I have a 29 G with a cracked bottom. Do I need tempered glass to replace it or can I use regular glass? I was planning on 1/4" thick. Thanks in advance for all advice.


----------



## TAB (Feb 7, 2009)

My advice, is buy another tank.

It will cost you more in glass and silcone then it will for a new 29g. more so when petco has the $1/gallon sale.


----------



## Wildman (May 6, 2008)

Right. But this is the DIY forum so I was hoping for advice along the lines of,"this is what you need to do..." not "Go buy another." Sure, I can do that, but I'd like to try to replace it. So, do you have any insight to do it? Do you go to all of the posts in DIY and tell people to (paraphrasing Nike) "Just buy it"?


----------



## TAB (Feb 7, 2009)

here is what you need to do.

completly take apart the tank, remove all the old silcone. put it back toeghter.

No, I generally don't tell people to go buy something, but in cases where it makes sense to do so, I do.

In this case, between the glass, silcone, razor blades and solvents your in it atleast $50. Plus a day of your time.

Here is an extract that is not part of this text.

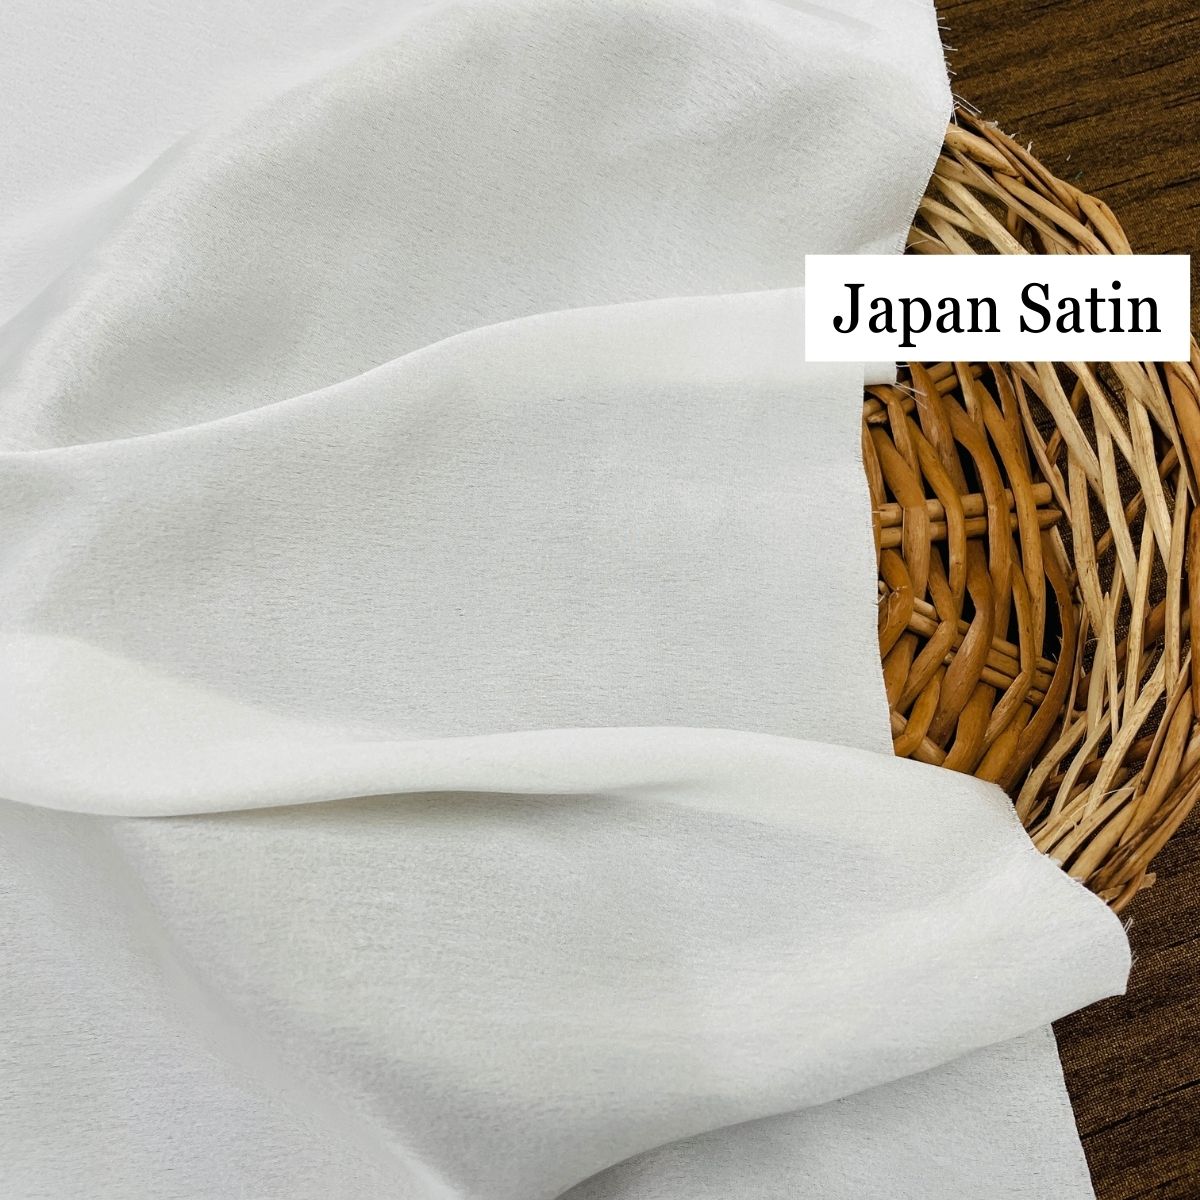 Japan Satin

That is assuming you have all the other tools needed to do it, if not your out even more. Then there is the whole risk of not doing it right and having 29 gallons of water on the floor.

so its up to you, spend more then a tank will cost you and a day of work, or just go buy it? 

which do you want?


----------



## Mr. Catfish (Sep 27, 2011)

I just did this one a 20 long and have done it on 4 other tanks (55 gallon being the biggest). You don't need tempered glass. Just make sure it is equivalent to the thickness to the other panes. Remove the bottom trim and glass from tank no need to disassemble the hole tank since the point of contact with old silicone and new is almost none existence. Then use a razor blade and remove all the silicone from the edges and all the inside seams. Once all the silicone is removed clean areas with alcohol. Allow it to dry. Then place your new bottom inside of your bottom trim piece.You may want to tape off your seams for a cleaner edge of silicone. Apply silicone to the bottom edge of the aquarium and place on top of bottom piece. Now you can apply silicone to all your inside seams and smooth it out. You may want to tape off your seams before you start applying any silicone. Let dry for three days and then do a leak test.


----------



## Wildman (May 6, 2008)

Thanks for all of the help & when my house floods I'll let TAB know he warned me but I was too stubborn! :axe:


----------